Sur le bien-fondé du jugement :
- c'est à tort que le tribunal a retenu la responsabilité sans faute de la commune dès lors que les ouvrages auxquels le dommage est imputable ne lui appartiennent pas, et en l'absence de tout lien de causalité ;
- c'est à tort que les premiers juges ont fait droit aux conclusions indemnitaires du GCU.

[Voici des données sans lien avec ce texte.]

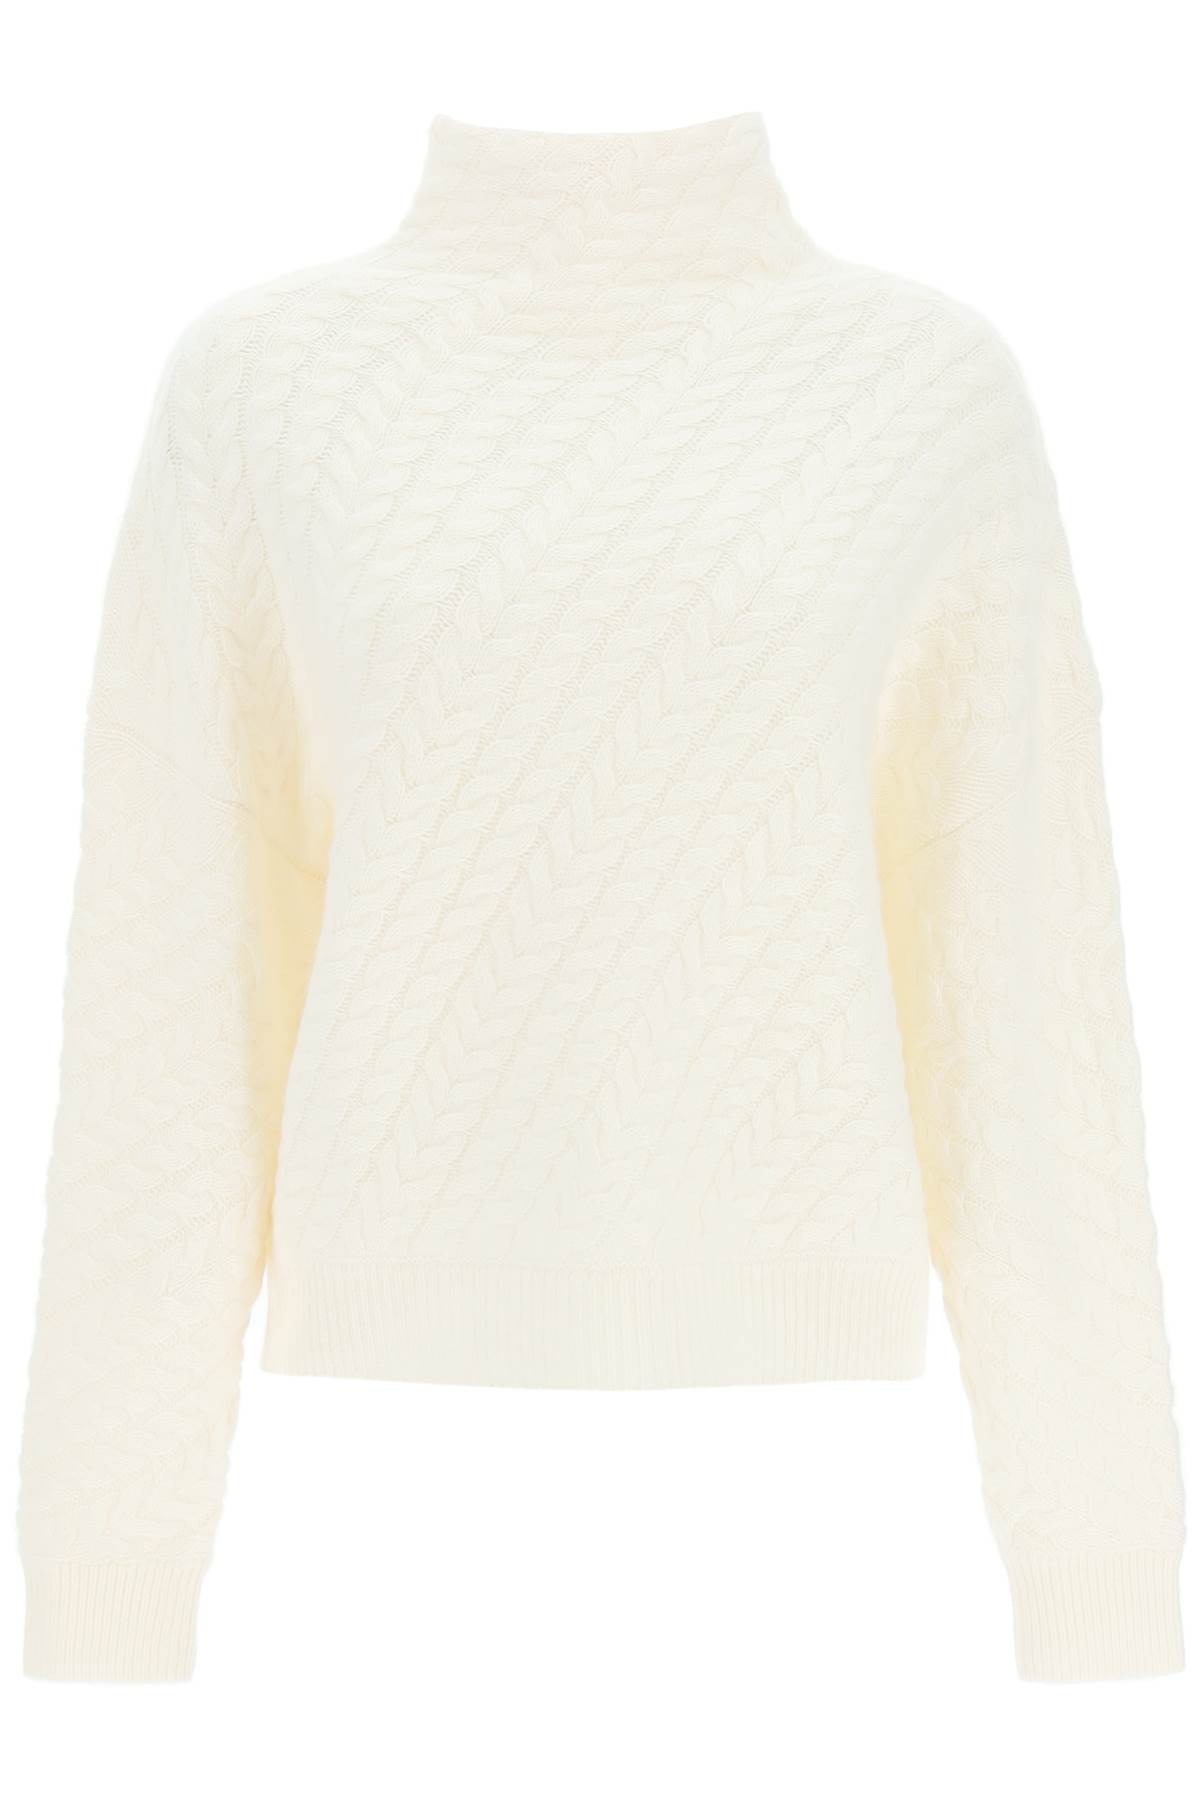 Loulou Studio Cable-knit Cashmere Sweater With Dolman Sleeves

Par des mémoires en défense, enregistrés le 29 septembre 2023 et le 22 novembre 2023, le GCU, représenté par Me Cyril Fergon, conclut au rejet de la requête et, par la voie de l'appel incident, demande à la Cour :
1°) de condamner la commune de Bormes-les-Mimosas à lui verser la somme de
18 372 euros pour l'ensemble de ses préjudices matériels, réévaluée d'une indemnité annuelle de 1 757 euros par année écoulée depuis 2022 ; avec versement des intérêts légaux à compter de la réclamation préalable du 8 octobre 2018, majoré de 5 points à compter du 5 août 2023 ;
2°) de condamner la commune à lui verser la somme de 10 000 euros au titre de son préjudice moral, en sus de la somme de 18 372 euros déjà accordée par les premiers juges ;
3°) de condamner la commune à réaliser les travaux appropriés à la remise en état et à l'entretien normal de la voirie communale située en amont de sa propriété dans un délai de
six mois à compter du jugement à intervenir, et sous astreinte de 1 000 euros par mois de retard jusqu'au parfait achèvement des travaux ;
4°) de mettre à la charge de la commune la somme de 5 000 euros au titre de l'article L. 761-1 du code de justice administrative.
Elle fait valoir que :
- la commune n'a pas exécuté le jugement rendu en première instance, ce qui justifie d'assortir l'injonction demandée d'une astreinte ;
- le dommage économique continue de courir, justifiant l'octroi d'une somme de
1 757 euros correspondant à la perte d'exploitation annuelle calculée par l'experte judiciaire ;
- la somme allouée en réparation doit être réévaluée par application de l'intérêt légal à compter de la réclamation préalable du 8 octobre 2018, sans préjudice de l'application de l'article L. 313-3 du code monétaire et financier depuis le 5 août 2023, puisque la ville de Bormes-les-Mimosas méconnaît volontairement l'autorité de la chose jugée ;
- le préjudice moral résulte de la mobilisation des personnes qui se trouvaient sur le terrain pour le remettre en état et du temps consacré par les responsables de l'association à la gestion de ce dossier.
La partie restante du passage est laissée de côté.